Interval Routing Schemes for Circular-Arc Graphs

TL;DR

This paper demonstrates that circular-arc graphs admit a shortest path strict 2-interval routing scheme, solving an open problem and providing an efficient O(n^2) algorithm for constructing such schemes.

Contribution

It proves that circular-arc graphs have strict compactness 2 and presents an outline algorithm to compute the routing scheme efficiently.

Findings

Circular-arc graphs allow strict 2-interval routing schemes for shortest paths.

The constructed scheme can be converted into a 1-interval scheme with minimal additional intervals.

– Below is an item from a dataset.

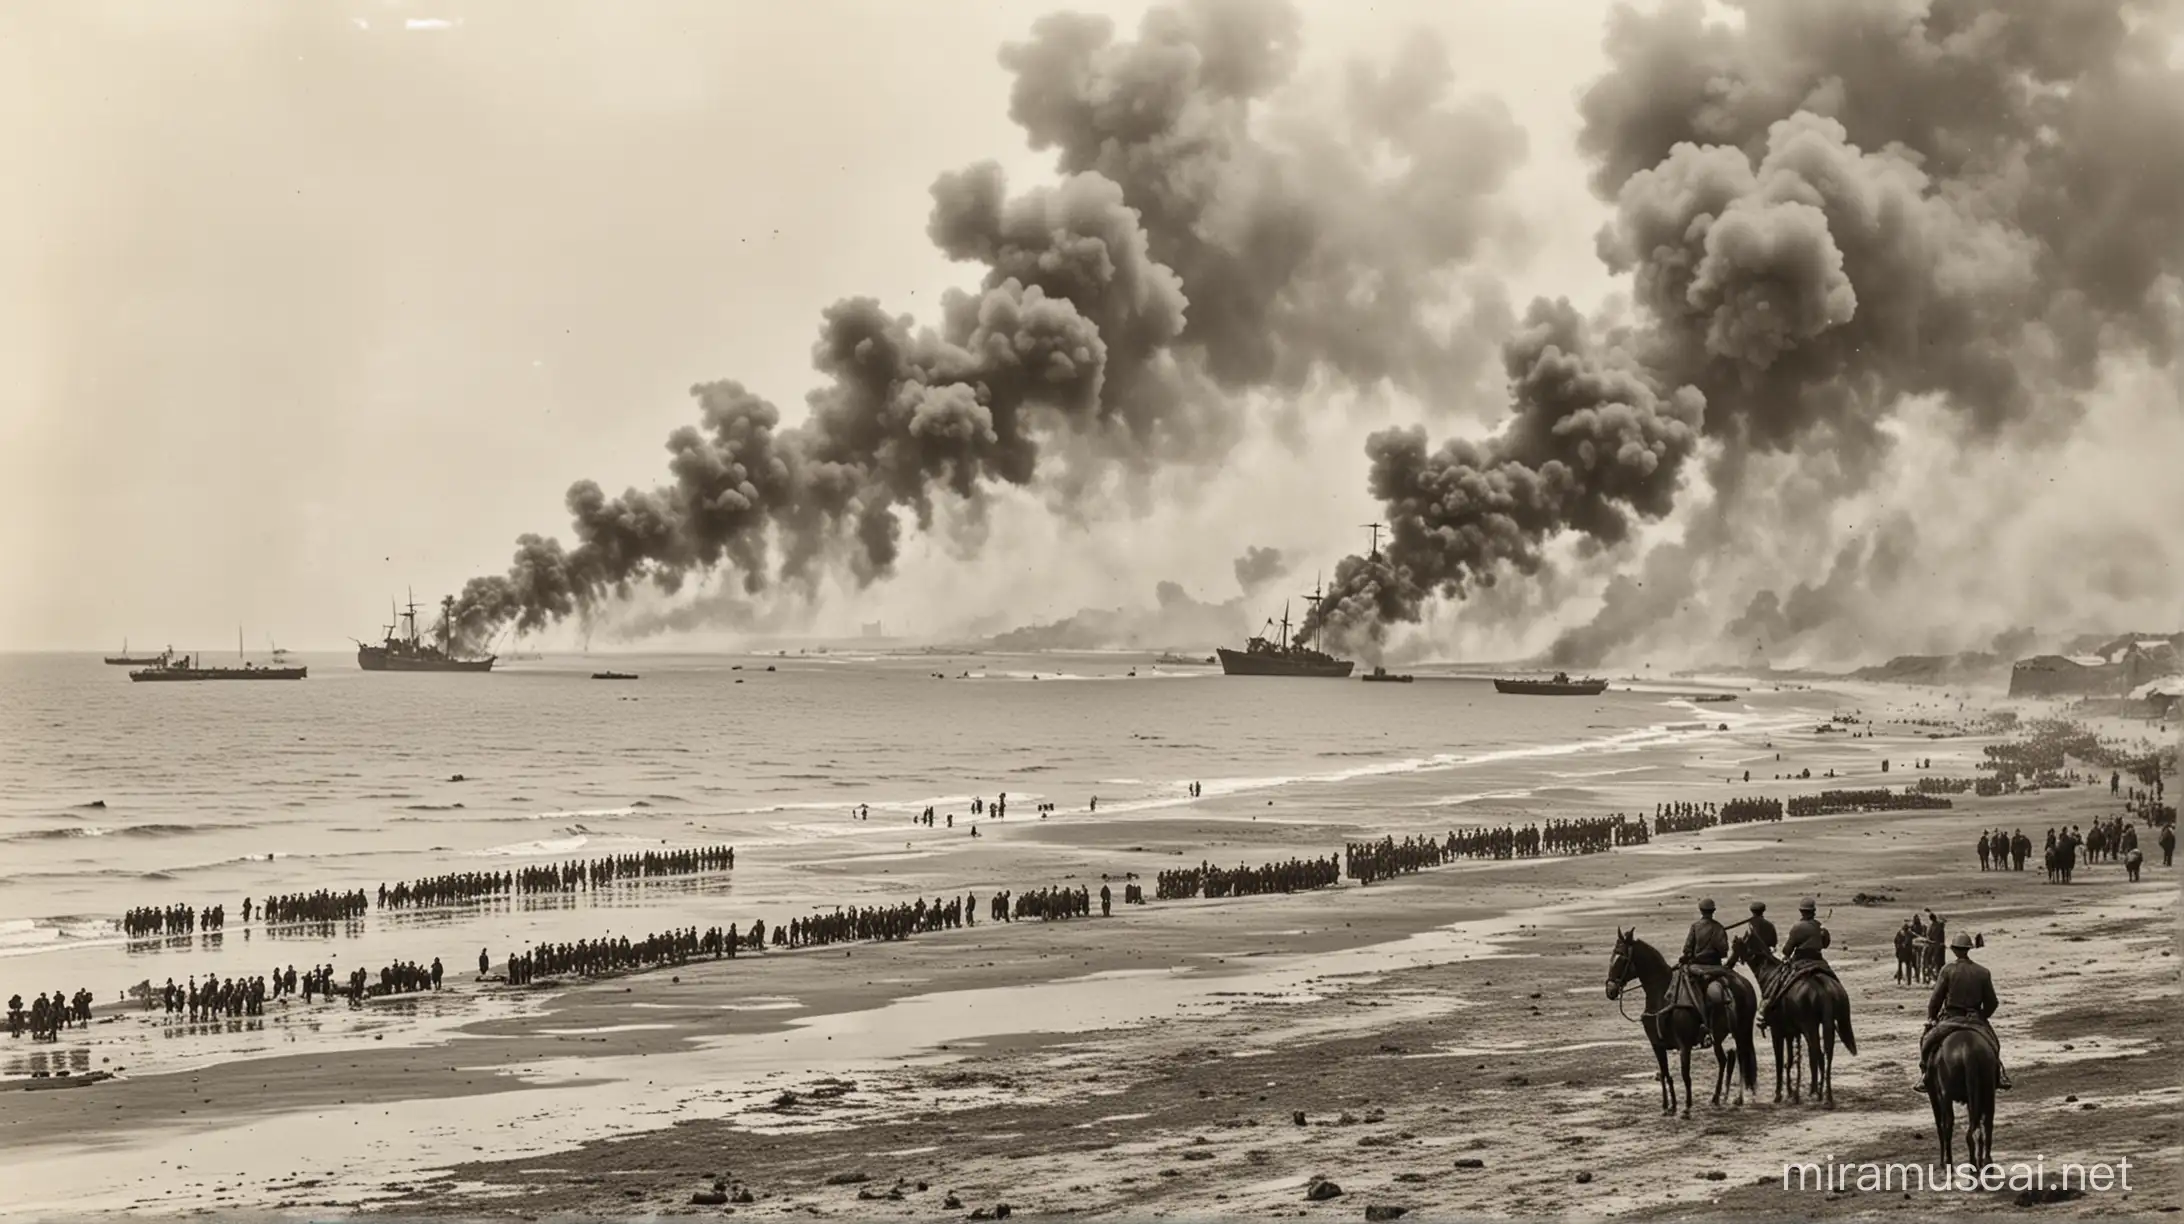 Praia com milhares de militares Romenos atirando, muita fumaça e explosão de artilharia, ao fundo a praia com alguns navios e militares a cavalo. Fotografia de 1912

An O(n^2) algorithm is outlined for computing the routing scheme for circular-arc graphs.

Abstract

Interval routing is a space efficient method to realize a distributed routing function. In this paper we show that every circular-arc graph allows a shortest path strict 2-interval routing scheme, i.e., by introducing a global order on the vertices and assigning at most two (strict) intervals in this order to the ends of every edge allows to depict a routing function that implies exclusively shortest paths. Since circular-arc graphs do not allow shortest path 1-interval routing schemes in general, the result implies that the class of circular-arc graphs has strict compactness 2, which was a hitherto open question. Additionally, we show that the constructed 2-interval routing scheme is a 1-interval routing scheme with at most one additional interval assigned at each vertex and we an outline algorithm to calculate the routing scheme for circular-arc graphs in O(n^2) time, where n is the number of vertices.